**Data:**
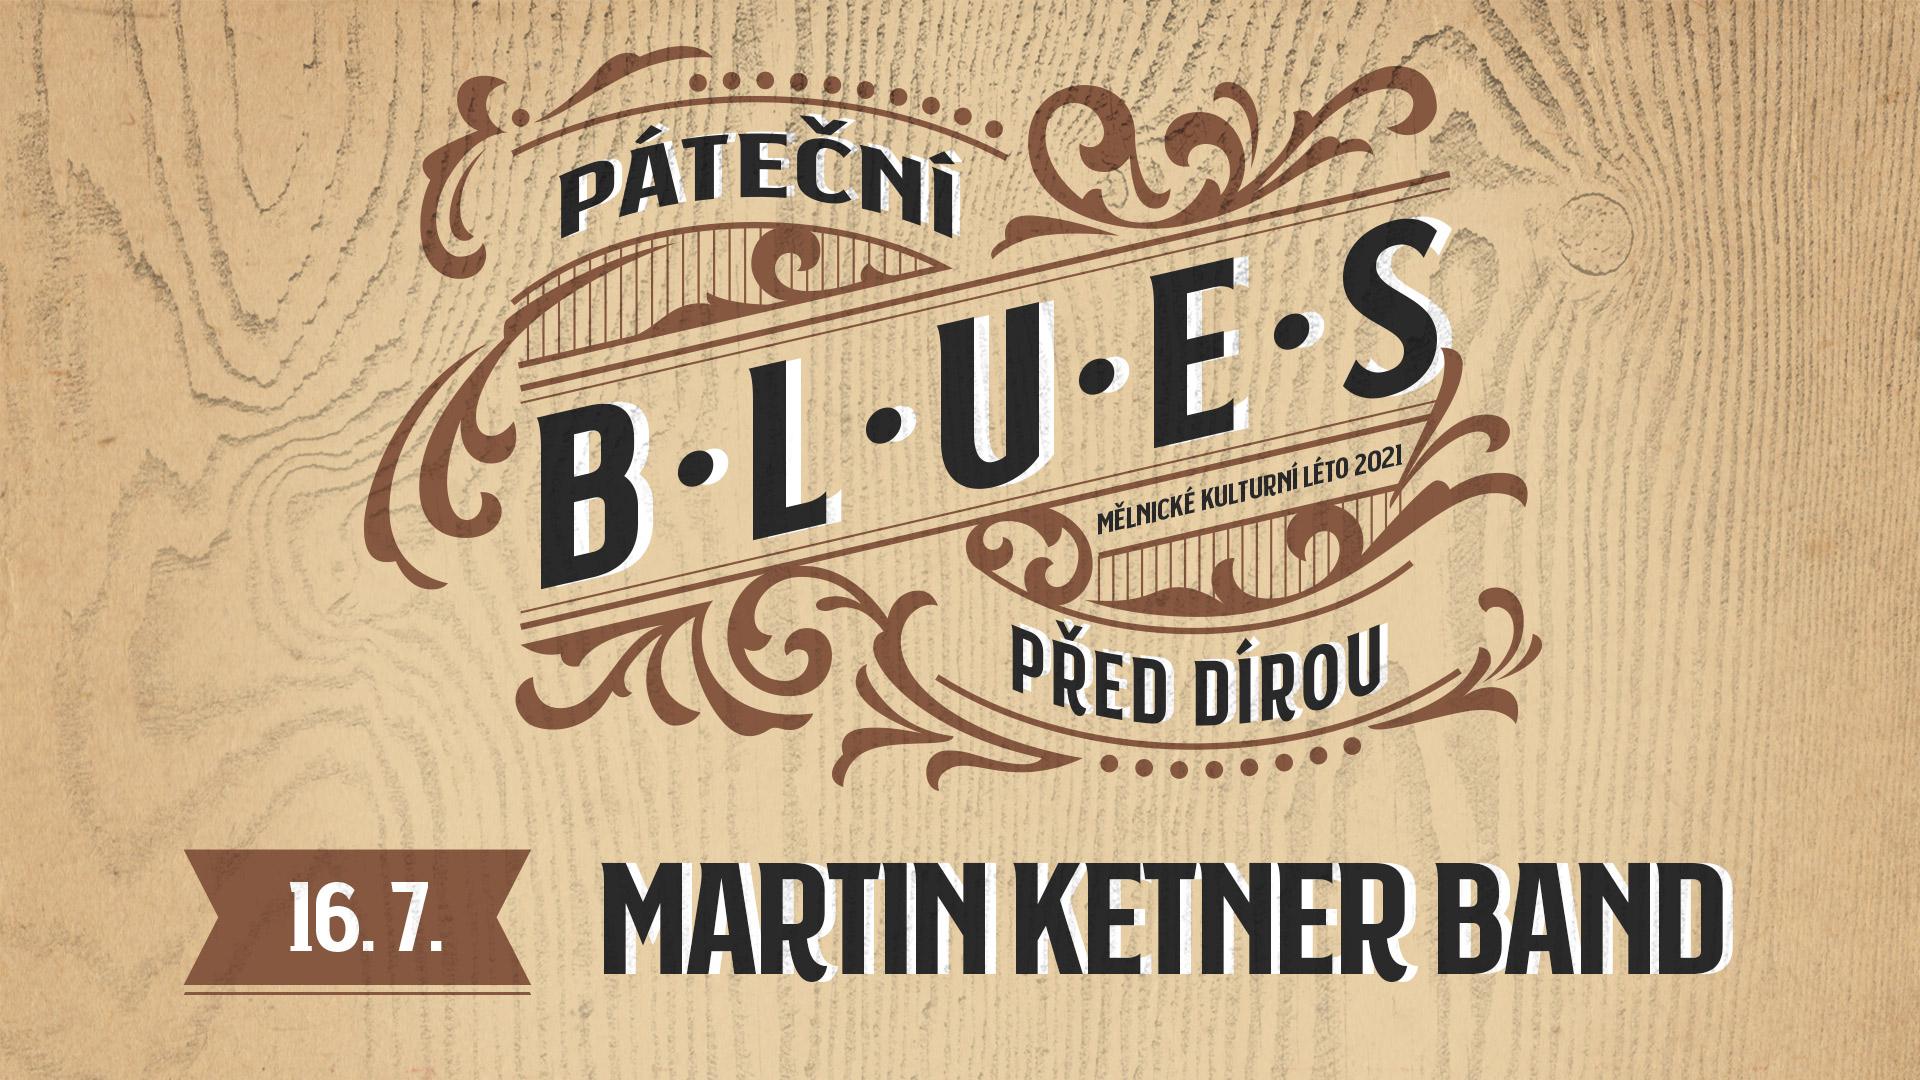 Martin Ketner Band před Dírou
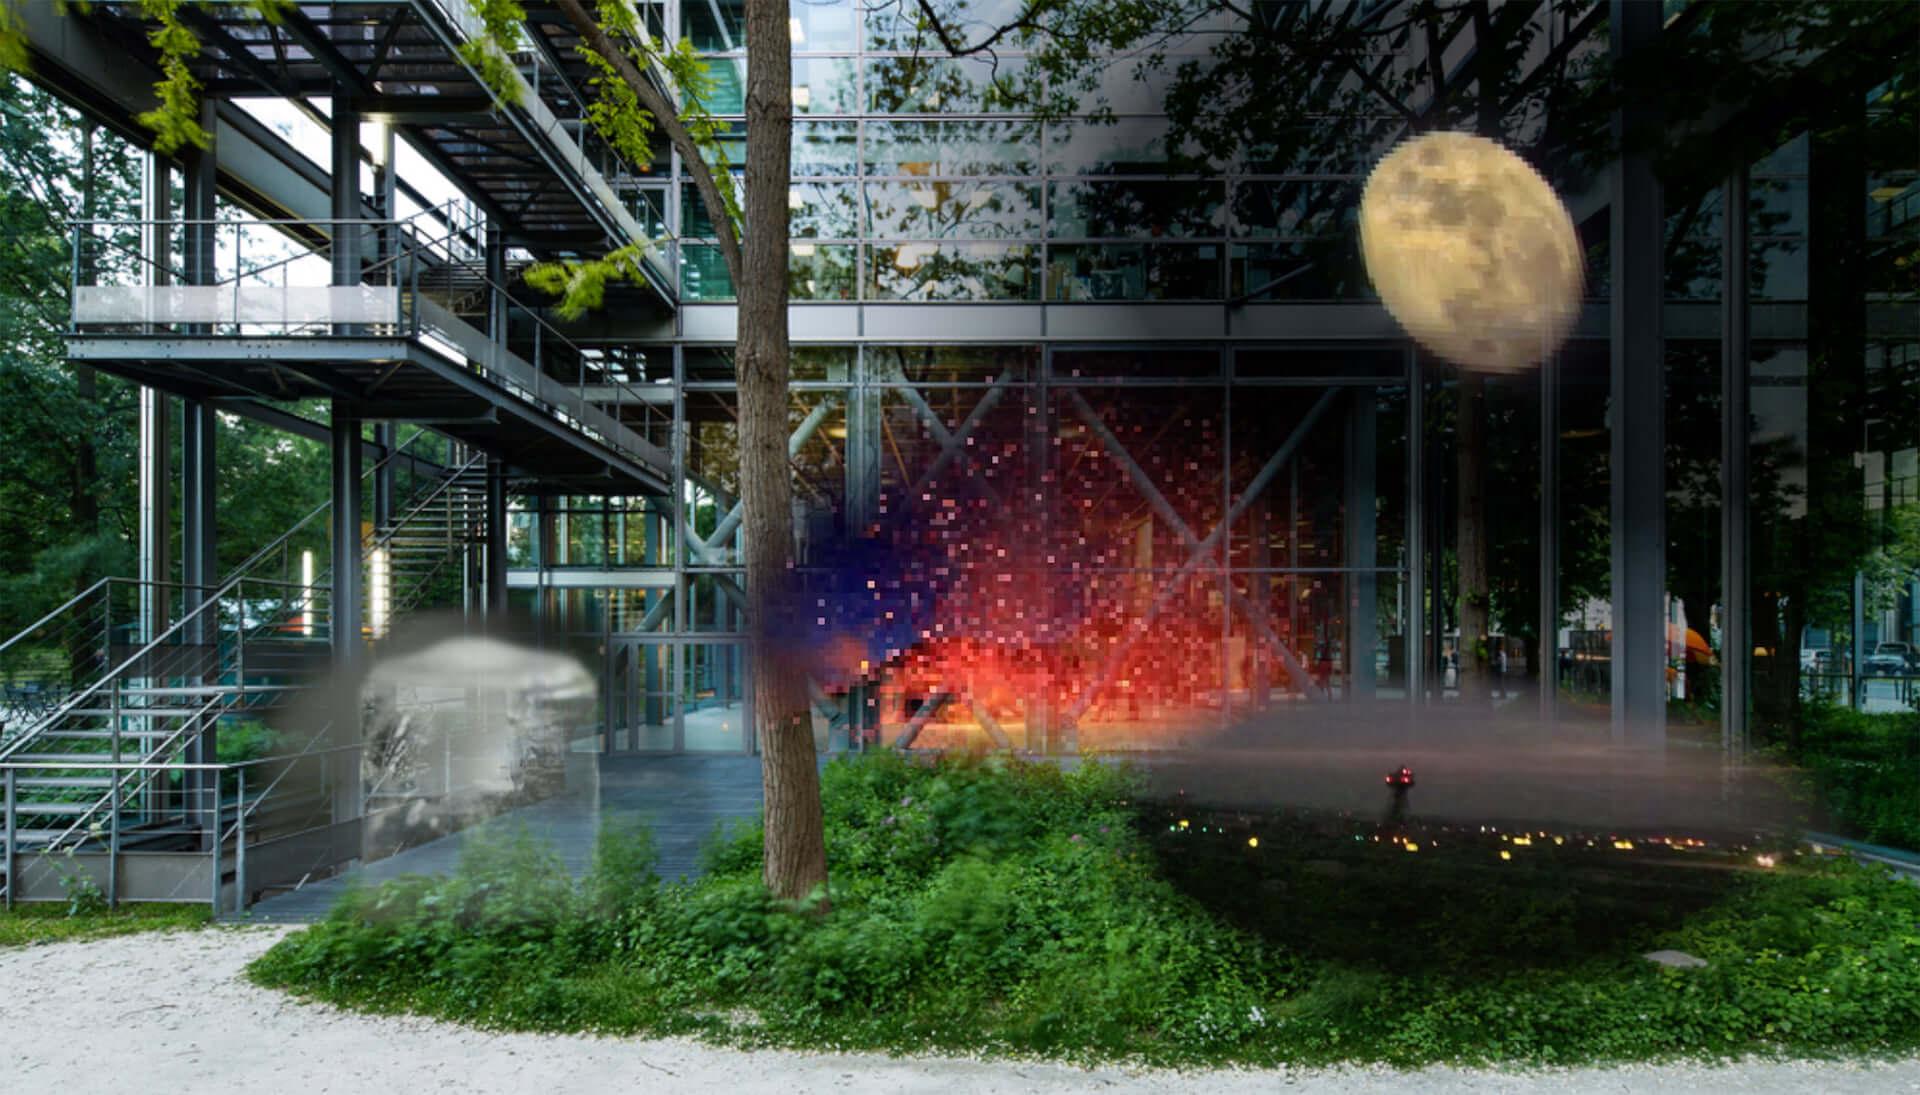 サラ・ジーのインスタレーションをARで体験しよう!カルティエ現代美術財団がアプリ『Night Vision 20/20』をリリース art210202_night-vision_1-1920x1095
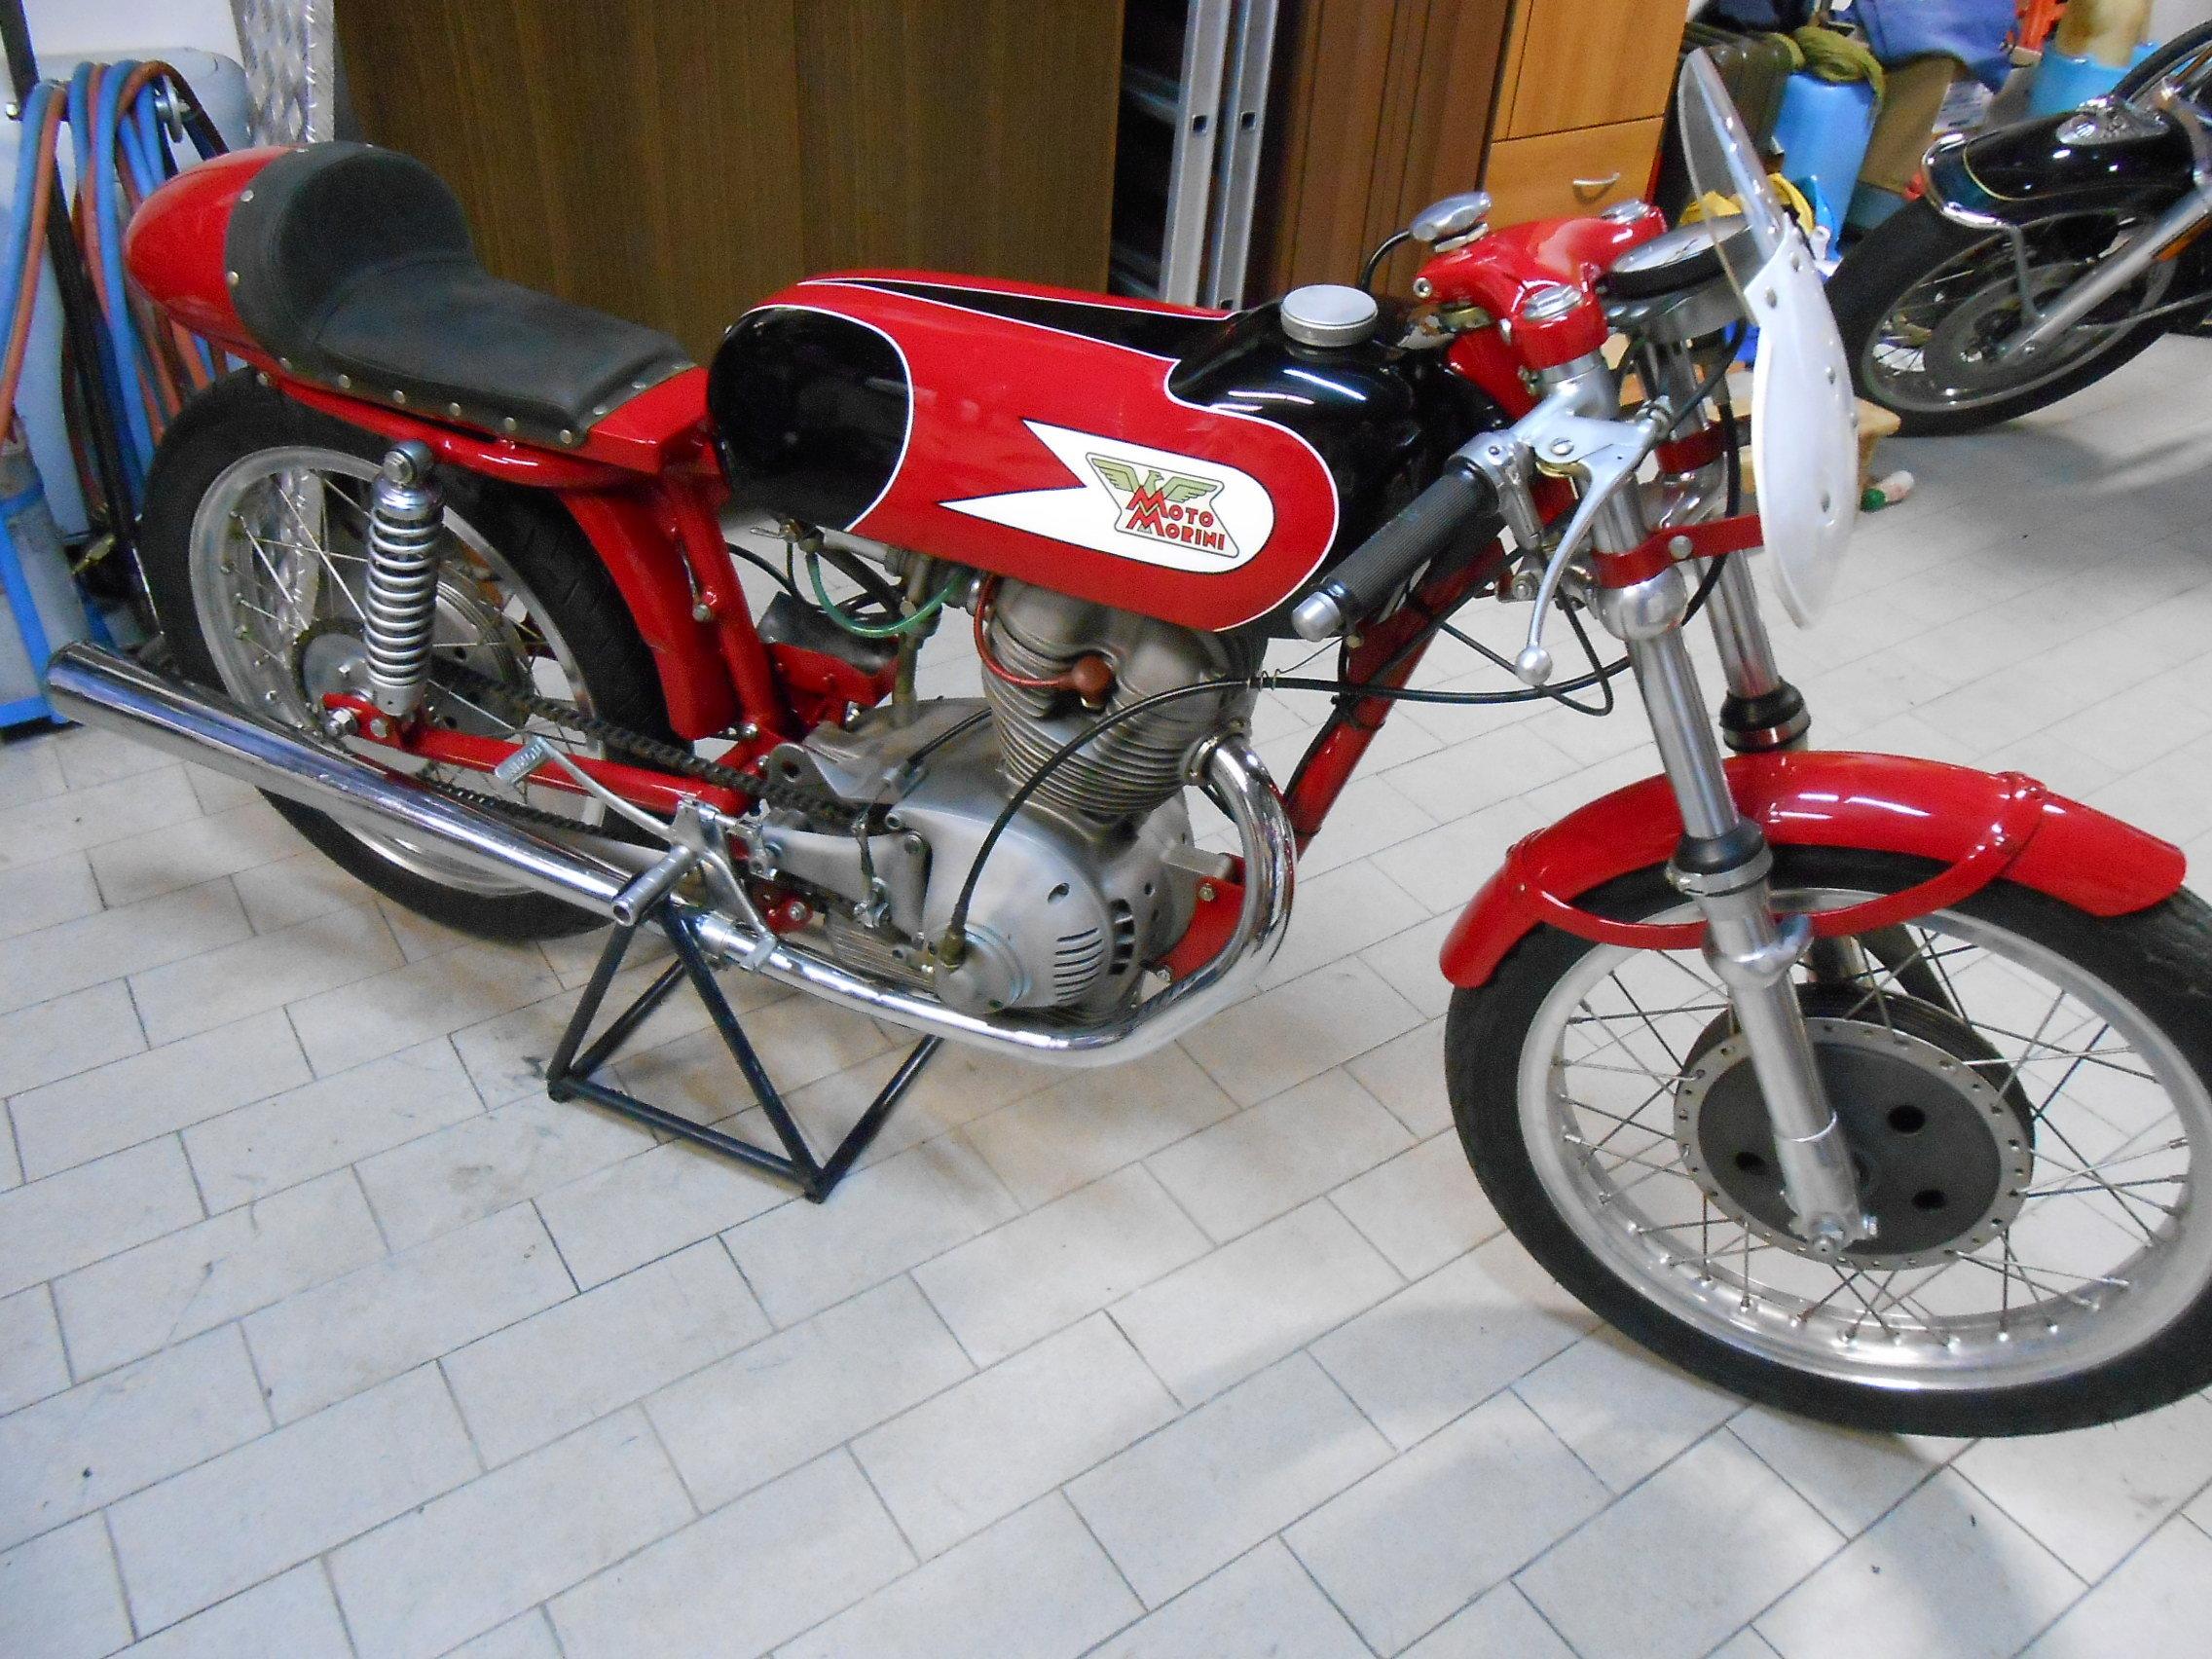 Moto Morini 175 Settebello Agostini

**What to work on:** Retype the data above verbatim, minus images.

**Exercise output:**
 Martin Ketner Band před Dírou
 サラ・ジーのインスタレーションをARで体験しよう!カルティエ現代美術財団がアプリ『Night Vision 20/20』をリリース art210202_night-vision_1-1920x1095
 Moto Morini 175 Settebello Agostini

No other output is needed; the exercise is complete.